While legacy bank loans and securities exist, Gulf fintechs are often receptive to alternative financing frameworks that adhere to Islamic principles (Sharia). For instance, Sukuk, Sharia-compliant financial instruments resembling bonds, offer a credible alternative to conventional interest-based debt financial products.

Profit-Sharing Partnerships: Mudharabah

The Mudharabah model provides a unique financing option. Here, the financial institution acts as a capital provider, while the fintech startup manages operations. Incomes are then shared according to a predetermined agreement between the financial institution and the entrepreneur.

Mutual Support: Takaful (Islamic Insurance)

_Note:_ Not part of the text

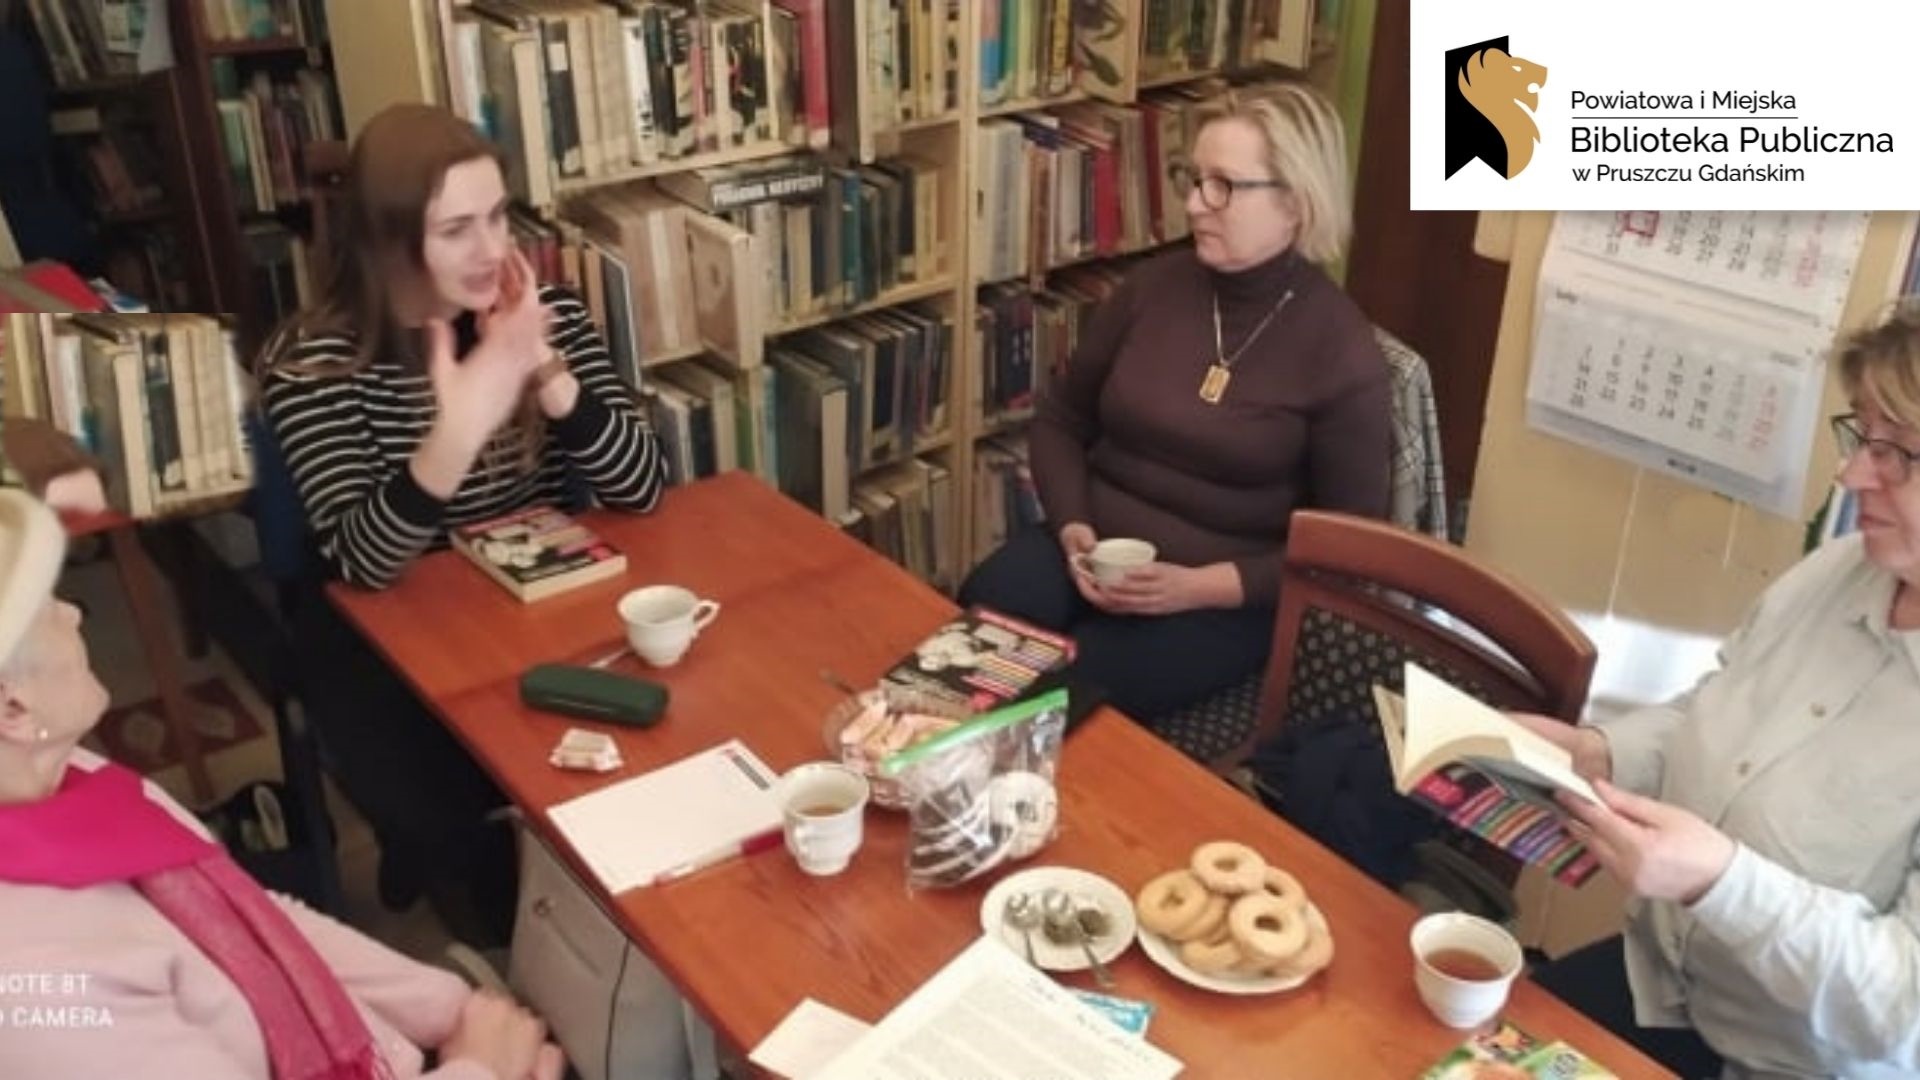 Cztery osoby siedzą przy stole. W tle regały z książkami. Logotyp oraz napis: Powiatowa i Miejska Biblioteka Publiczna w Pruszczu Gdańskim.

Takaful (Islamic insurance) functions on the foundation of mutual assistance concept. Unlike conventional insurance, it's rooted in the concept of "tabarru'" (donation). Participants contribute to a shared pool, supporting each other financially during economic “rainy days”. This system operates similarly to other pooling agreements.

Blockchain and Regulatory Considerations

Fintech companies utilizing blockchain technology should be aware of potential restrictions. Regulations in the region may limit solutions perceived as similar to gambling.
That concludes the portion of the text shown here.